Relative to character names, in Pigeon-Blood Red "Paul", one of the two main characters, is the name of my best friend in elementary and high school.  "Elliott," Paul's last name, is the name of a biology teacher in my high school.  I borrowed "Evelyn", Paul's romantic interest, from the tragic lead character in Chinatown, a movie I admire a lot.  "Rico," the name of the hit man, just popped into my head.  "Litvak," his boss, is a variation of "Rybak," the name of someone I worked with in the steel mill one summer when I was in college.  Other names I took from the phone book or from my high school yearbook.

Regarding point of view, I use the omniscient third person narrator but I occasionally slip into telling the story from the point of view of one or another of the main characters.  Changing point of view within the novel is frowned upon by some but my only concern is whether novel reads well.

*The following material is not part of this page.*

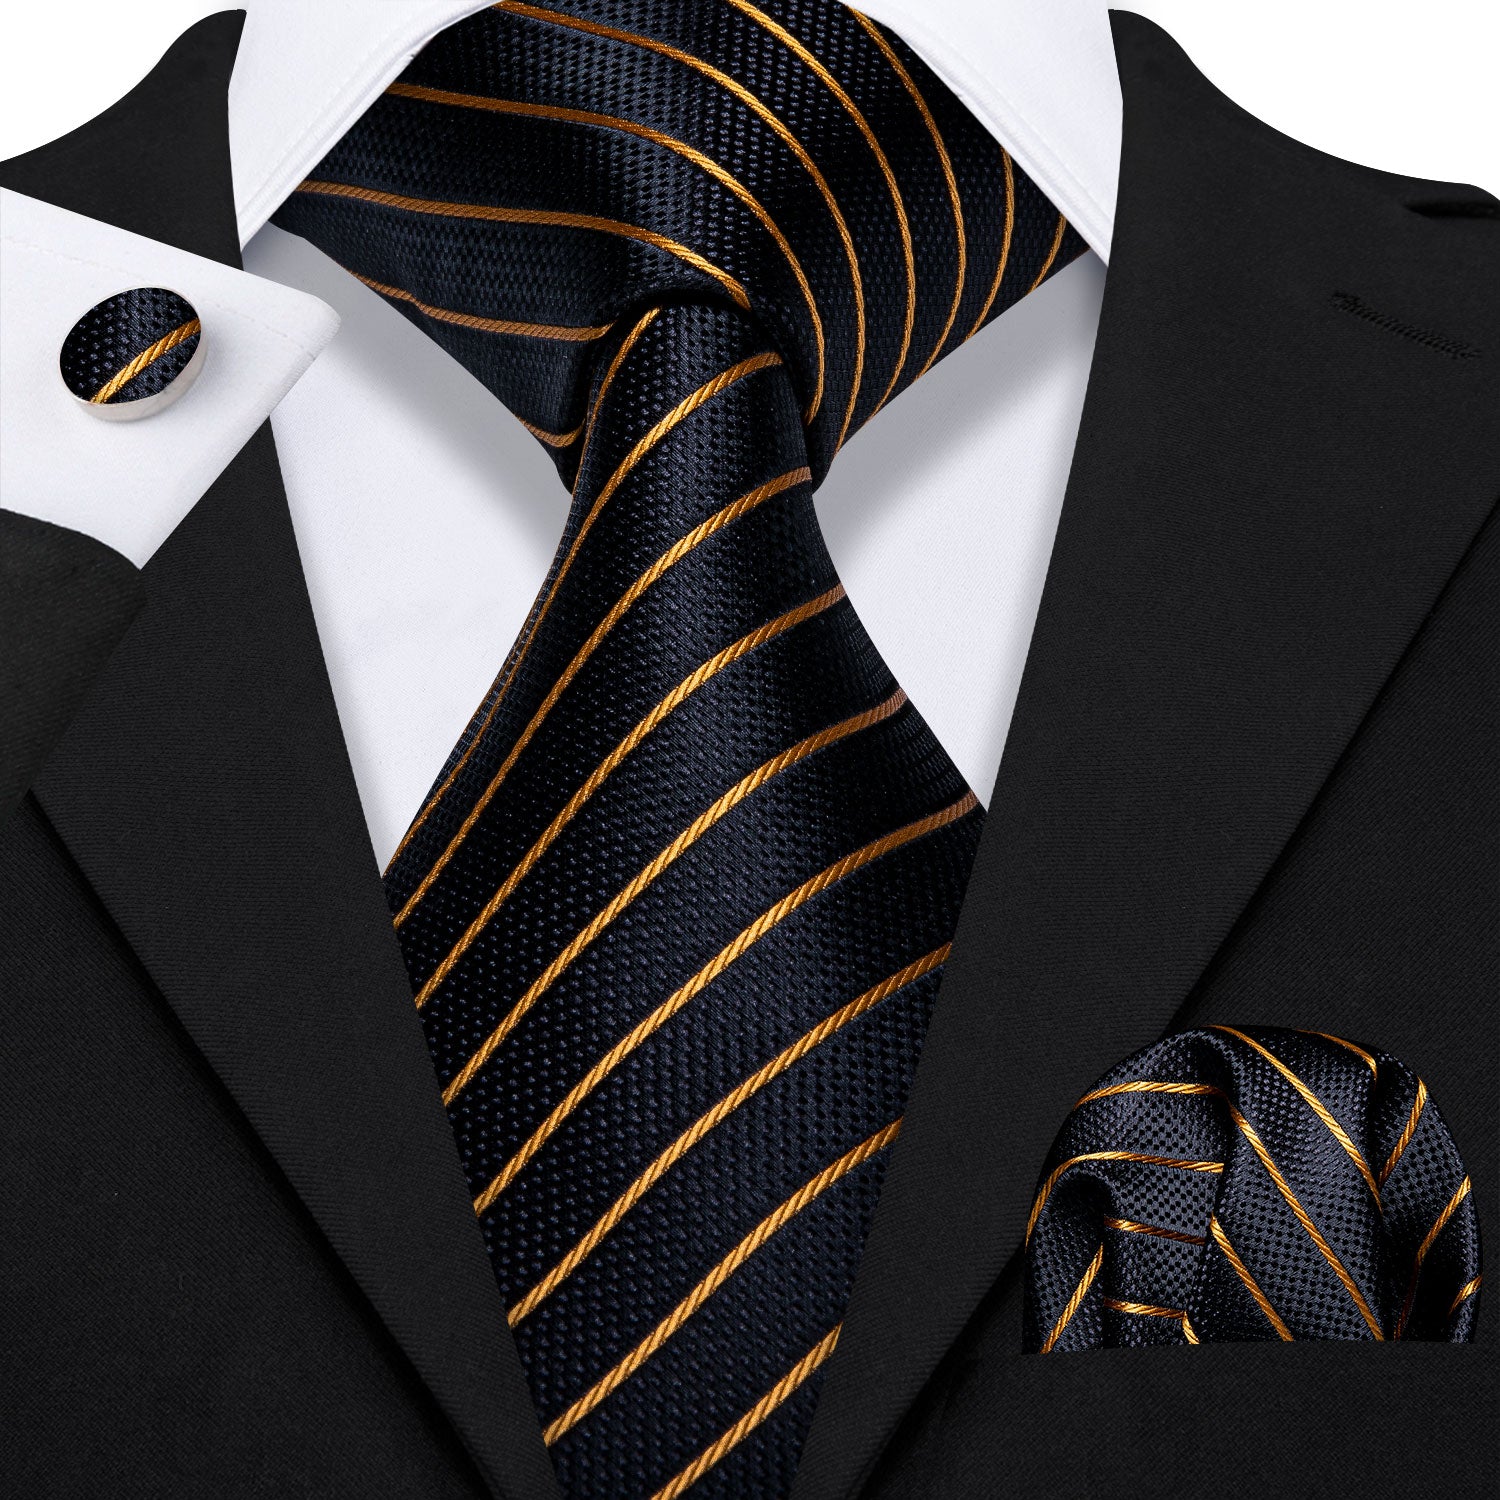 Barry.wang Black Tie Gold Stripe Men's Silk Tie Pocket Square Cufflinks Set with Brooches

Do you work from an outline?
I use an outline only sparingly.  I start with a broad outline that tells me what the novel is about, who the main characters are, and generally how the story will end (although this may change as I write).  The details fill themselves in as I write.  As ideas come to me, however, I jot them down so that I don't lose them.  As I write, quite a bit changes from my initial conception as I develop new plot twists and add new characters.

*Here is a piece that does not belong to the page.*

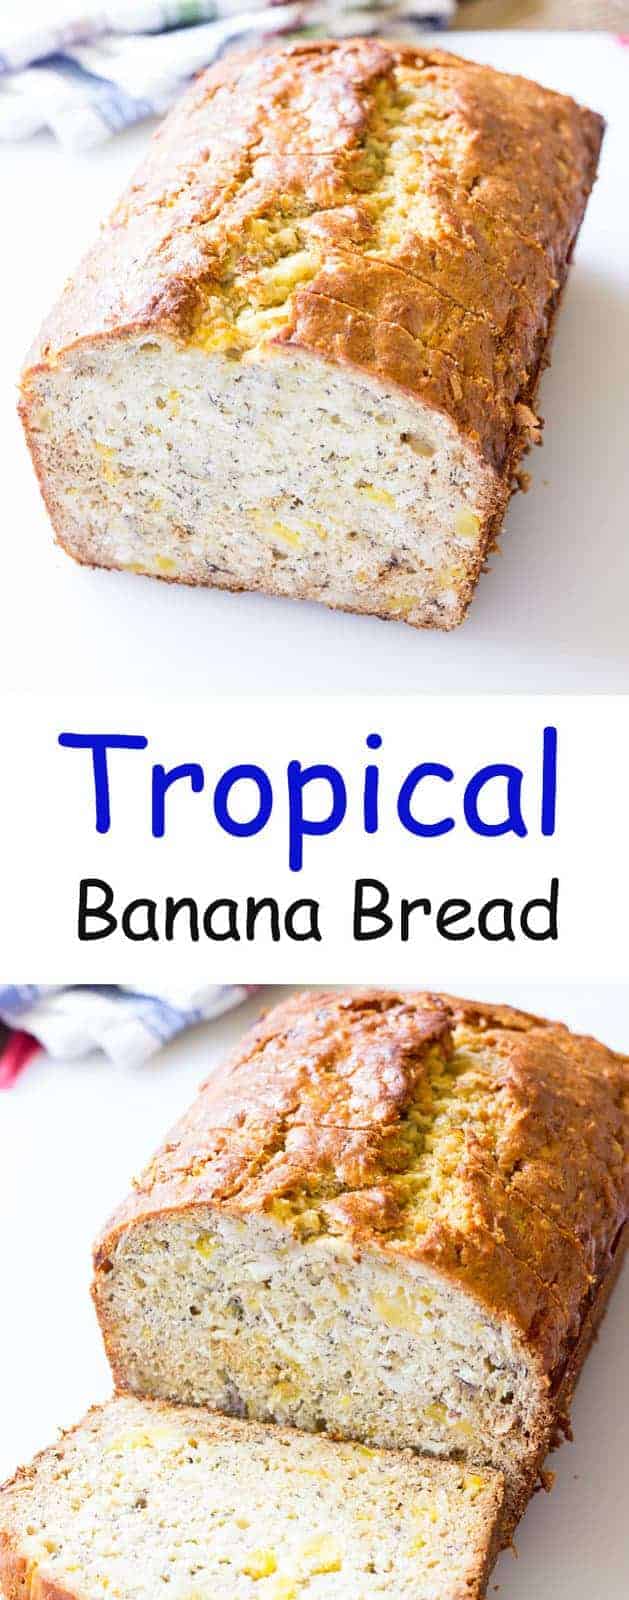 2 image collage with text showing Tropical Banana Bread

Tell me about your favorite scene in your novel.
Character A is wearing the ring that belonged to a character who has been murdered.  Character B, the brother of the victim, notices the ring on A's finger while both men are eating in a restaurant.  A goes to the men's room and B follows him and locks the door behind him.  While standing at the urinal, A hears the door lock and knows he's in trouble but he's in an awkward and vulnerable position.  B forces A, still standing at the urinal, to confirm that the ring belonged to B's murdered brother but he claims that he got the ring from someone else and that he's innocent.  Does A talk his way out of the dilemma or does B kill him?

Can you tell us a little about your writing philosophy?
I have stumbled upon two compelling characters, one black and one white, from opposite sides of the tracks, and I've managed to develop three, I think, interesting story lines which bring the two men together and cause them to discover that they have more in common than either man realizes.  I don't know yet whether I can create more interesting stories involving these characters or whether I will have to move on to others.  Either way, I will write what interests me when I am in the mood to write, i.e.,, when the muse arrives.  I don't force myself to write for a set number of hours every day or at the same time every day.  That is too much like work, which I did for 37 years.  Now is the time for relaxation and writing when I feel like it is relaxing.

Have you ever tried writing in any other genres?
Besides my legal treatise, Ohio Insurance Coverage, I have not.  That said, I think I'd like to try literary fiction some day.  Some of the most memorable novels I've read fall into that genre.  Some that come to mind include From Here to Eternity, An American Tragedy, Of Human Bondage, The Naked and the Dead, and For Whom the Bell Tolls.

Do you have any interesting writing-related anecdotes to share?
E.L. Doctorow was such a perfectionist that even a note to his daughter's teacher explaining why she'd missed a day from school took him forever to write.  One morning after he had struggled with the note for so long that his daughter was about to miss her bus, his wife relieved him of the chore and dashed off the note, consisting of only a couple of sentences, in a matter of seconds.  I fear that I share this trait with Doctorow, although he is not a bad writer with whom to have something in common, even if it is a failing.  I don't know who said this first but it applies to Doctorow and yours truly: "Writing is easy.  All you have to do is sit down in front of a blank sheet of paper and open a vein."